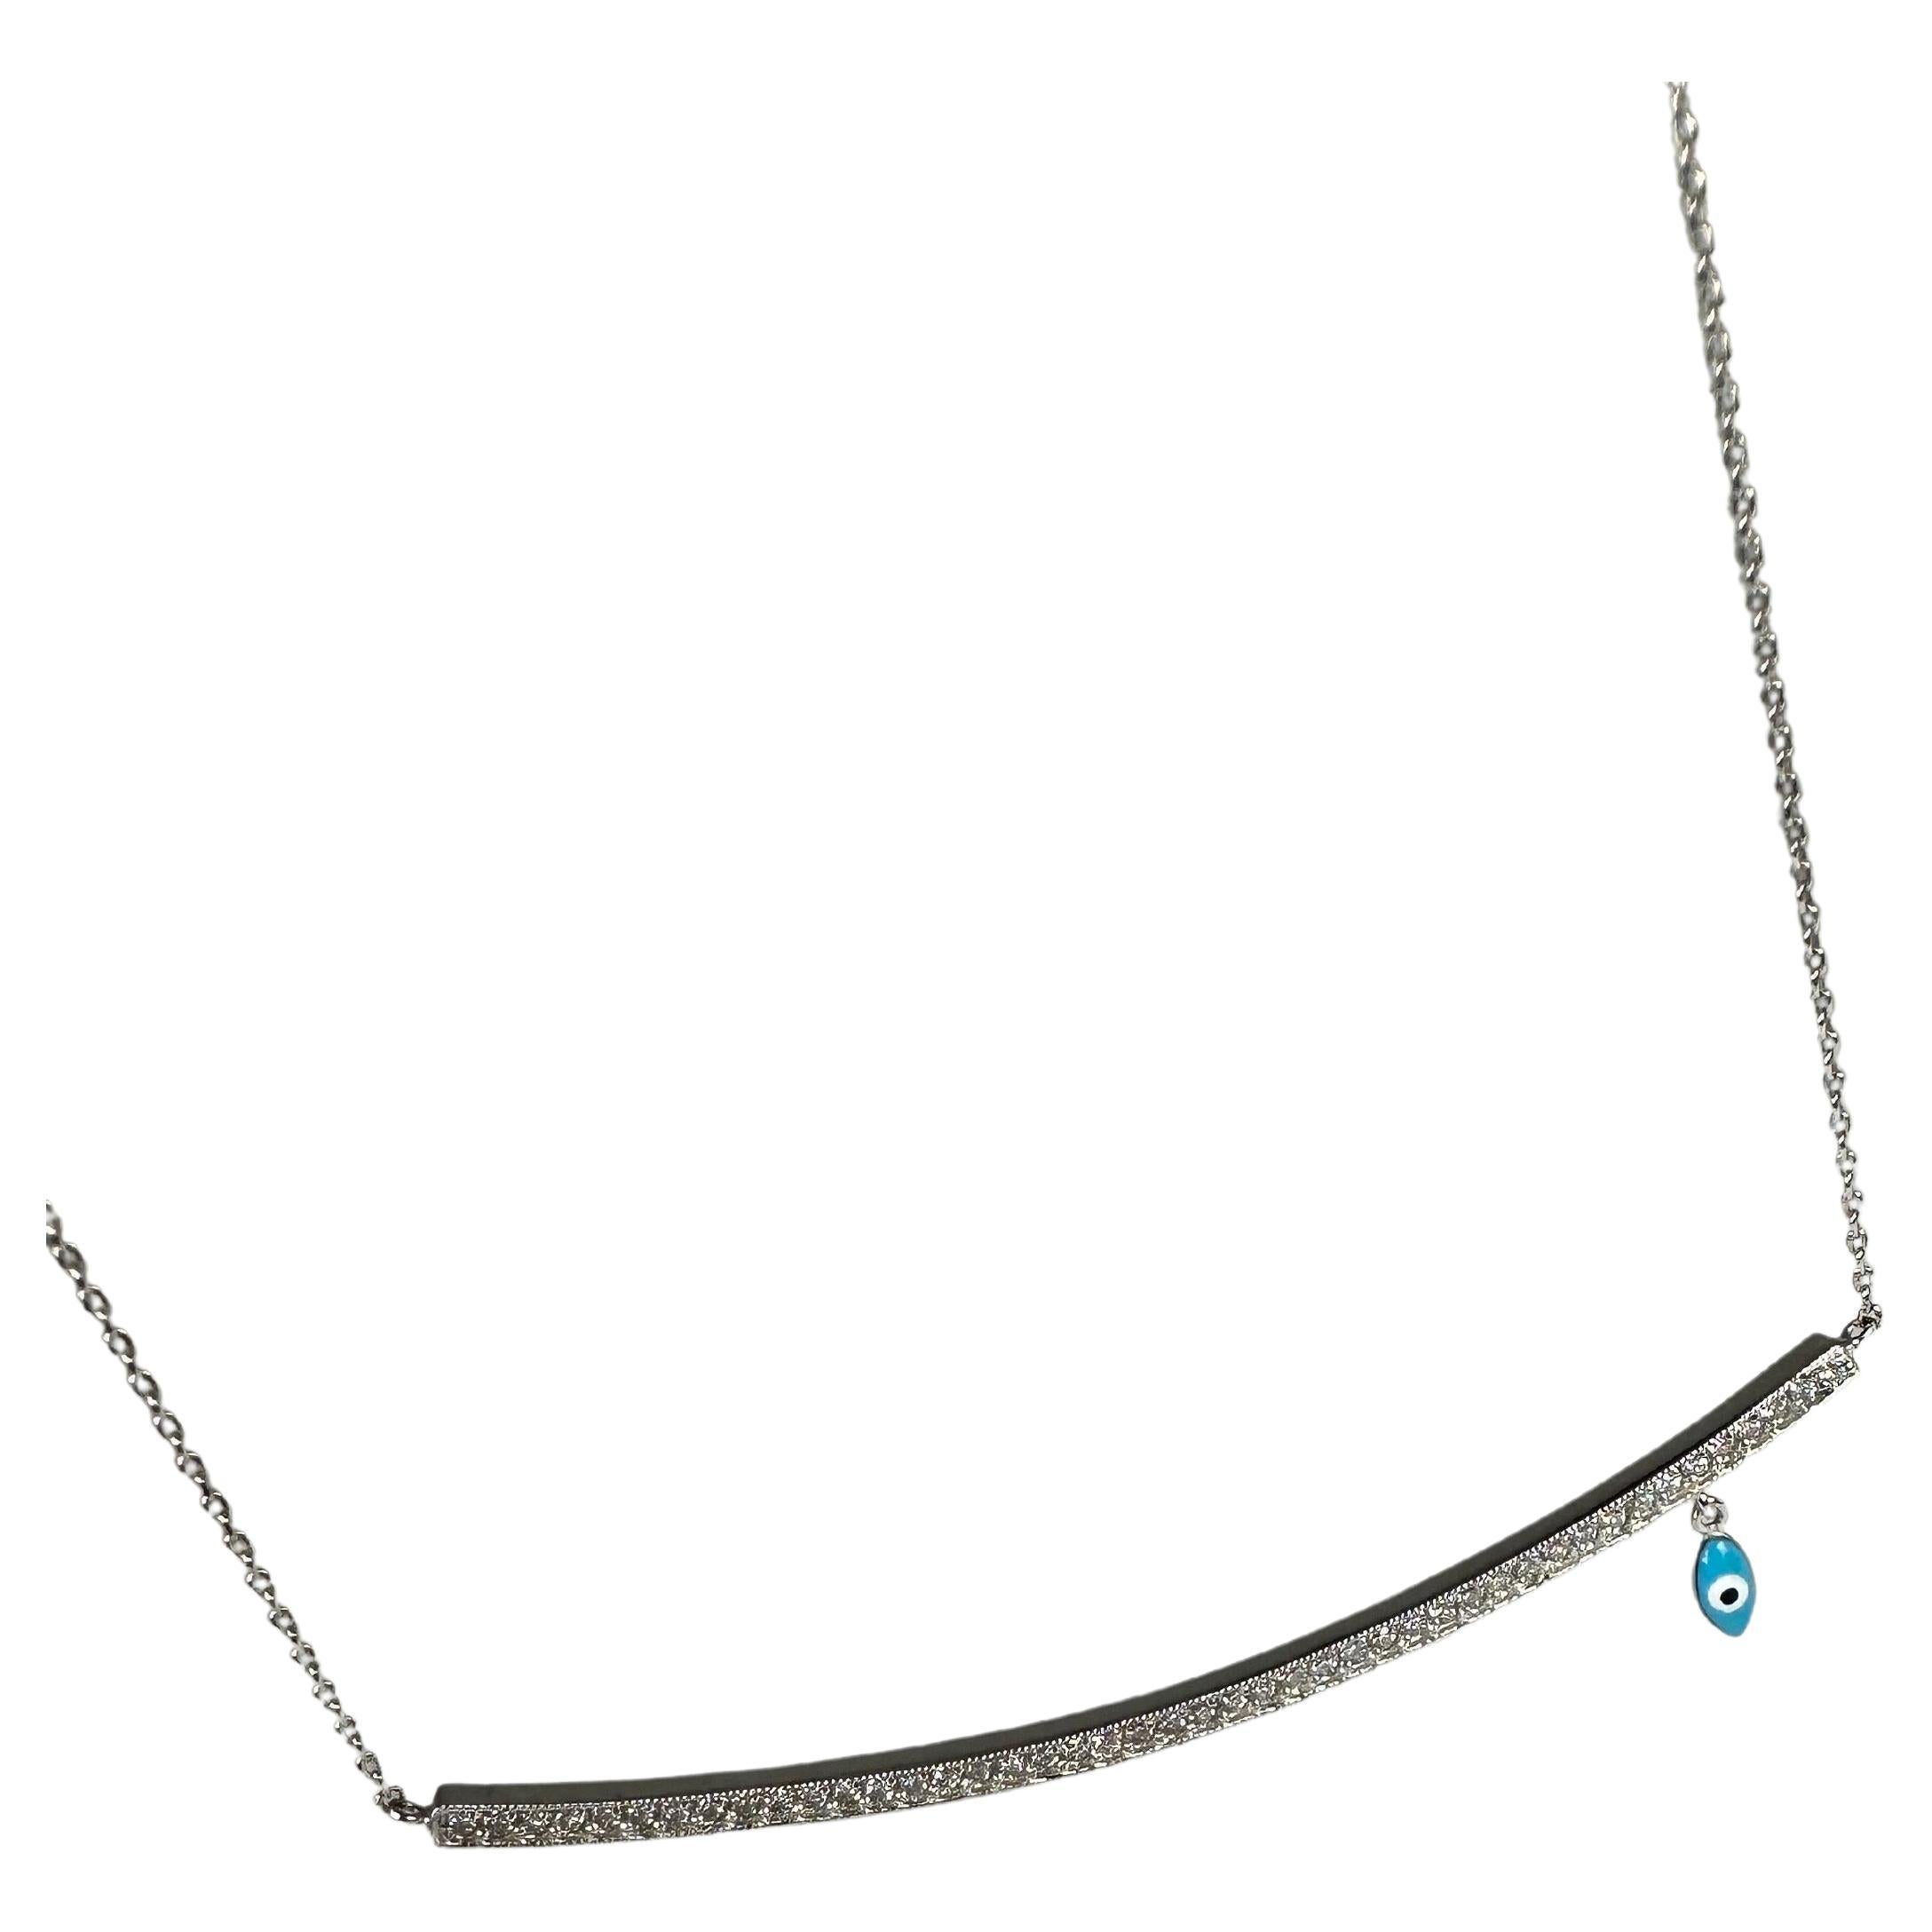 Diamond necklace in 18KT white gold with evil eye symbol, well crafted bar diamond pendant necklace.
GOLD: 18KT gold
NATURAL DIAMOND(S)
Clarity/Color: VS/G
Carat:0.31ct
Grams:3.40
size: 18 inches chain
Item#: 165-00066 PIK

WHAT YOU GET AT STAMPAR

> [REQUIREMENT]:
Quote each record exactly as it stands, minus the pictures.

> [OUTPUT FOR THIS TASK]:
 Diamond necklace in 18KT white gold with evil eye symbol, well crafted bar diamond pendant necklace.
GOLD: 18KT gold
NATURAL DIAMOND(S)
Clarity/Color: VS/G
Carat:0.31ct
Grams:3.40
size: 18 inches chain
Item#: 165-00066 PIK

WHAT YOU GET AT STAMPAR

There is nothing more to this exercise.